Single-cell RNA-seq analysis of mouse embryonic stem cells before and after Cohesin depletion

The contrast between the disruption of genome topology upon cohesin loss and the lack of downstream gene expression changes instigates intense debates regarding the structure-function relationship between genome and gene regulation. Here, by analyzing transcriptome at the single-cell level, we discover that, instead of dictating population-wide gene expression levels, cohesin supplies a general function to neutralize stochastic co-expression tendency of cis-linked genes in single cells.
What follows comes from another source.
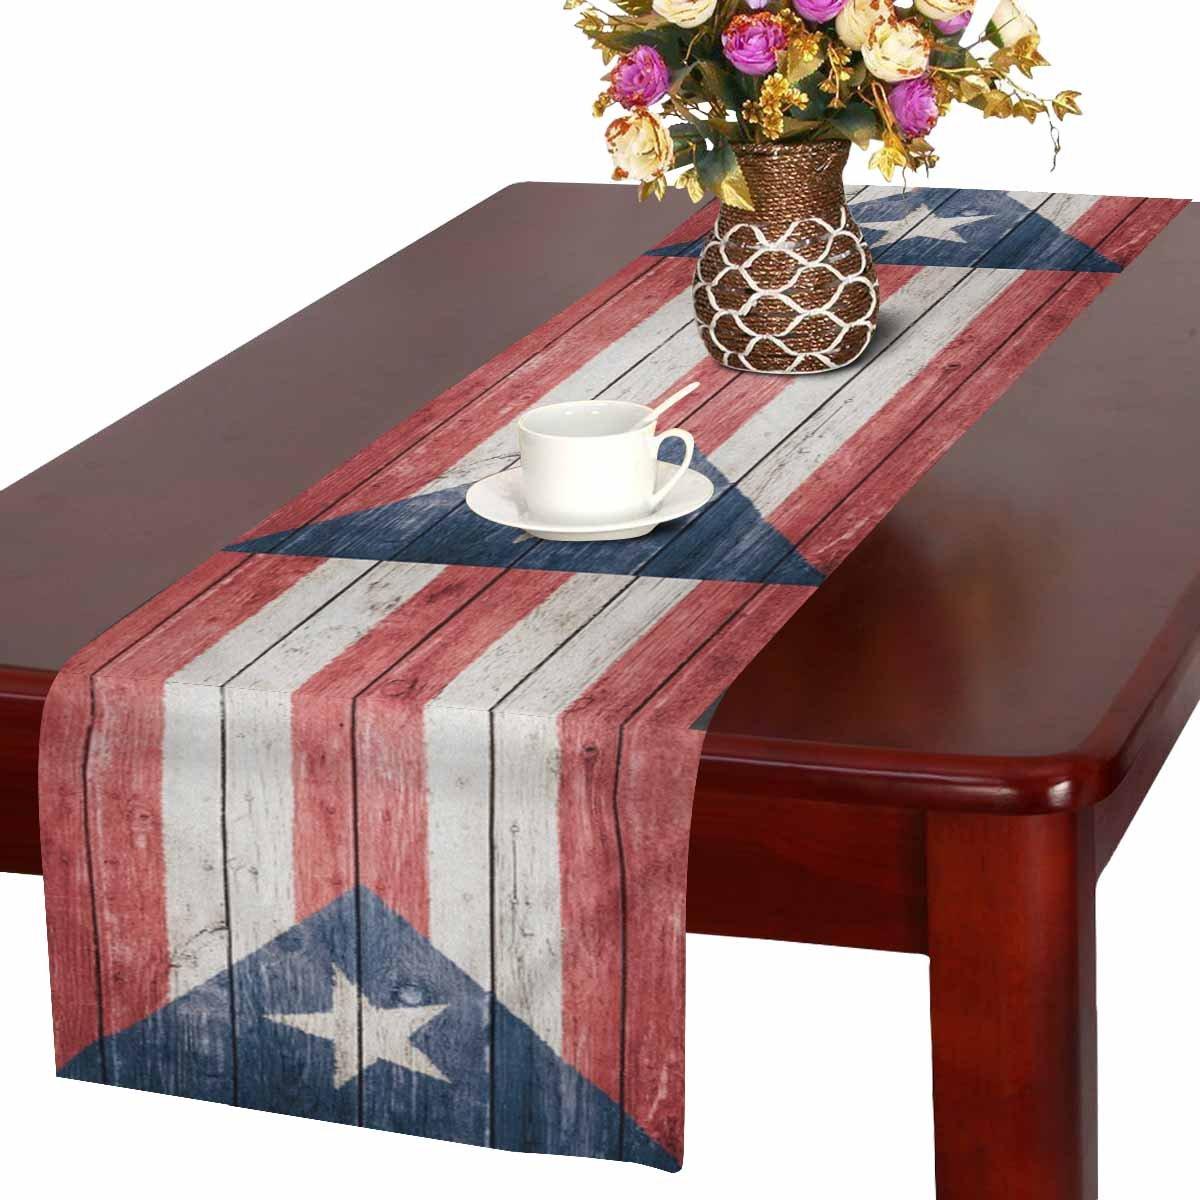 interestprintヴィンテージCanada Flag on古い木製背景テーブルランナーコットンリネン布プレースマットfor Officeキッチンダイニングウェディングパーティー宴会16 x 72インチ 16 x 72 Inches TR0079-K16in  デザイン#11 B07D4FCX3J

Notably, through single-cell RNA-seq profiling of genes in mouse embryonic stem cells, we found that cohesin loss induces widespread gene co-activation in cis. Our results support that cohesin arranges nuclear topology to control gene co-expression in single cells. JM8.N4 mouse embryonic stem cells (mESCs) from the C57BL/6N strain were edited by using CRISPR/Cas9 to fuse cohesin subunit RAD21 to the auxin-induced degron (AID) system. The derived cells were used in Smart-SCRB (Smart-Single Cell RNA Barcoding, a highly sensitive single-cell transcriptome assay) analysis and single-cell ATAC-seq analysis under control and acute cohesin loss (6hrs after the auxin treatment) conditions.
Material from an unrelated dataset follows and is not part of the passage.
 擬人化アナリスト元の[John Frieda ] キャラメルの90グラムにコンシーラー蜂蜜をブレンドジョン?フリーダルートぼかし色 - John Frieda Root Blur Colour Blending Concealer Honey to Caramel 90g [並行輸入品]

黏连蛋白（cohesin）缺失引发基因组拓扑结构破坏，但下游基因表达却未出现显著变化，这一矛盾现象引发了学界关于基因组结构与基因调控间构效关系的激烈争论。本研究通过单细胞水平转录组分析发现，黏连蛋白并非主导群体水平的全局基因表达，而是通过一种通用功能抵消单细胞中顺式连锁基因的随机共表达倾向。值得注意的是，通过对小鼠胚胎干细胞中的基因进行单细胞RNA测序（single-cell RNA-seq）分析，我们发现黏连蛋白缺失会诱导顺式区域内广泛的基因共激活现象。本研究结果证实，黏连蛋白通过塑造细胞核拓扑结构来调控单细胞内的基因共表达。本研究使用CRISPR/Cas9技术对C57BL/6N品系的JM8.N4小鼠胚胎干细胞（mouse embryonic stem cells, mESCs）进行编辑，将黏连蛋白亚基RAD21与生长素诱导降解子（auxin-induced degron, AID）系统进行融合。将所得的编辑细胞分别在正常培养条件以及急性黏连蛋白缺失（生长素处理6小时后）条件下，进行Smart-SCRB（Smart-Single Cell RNA Barcoding，一种高灵敏度单细胞转录组检测技术）分析与单细胞ATAC-seq（single-cell ATAC-seq）分析。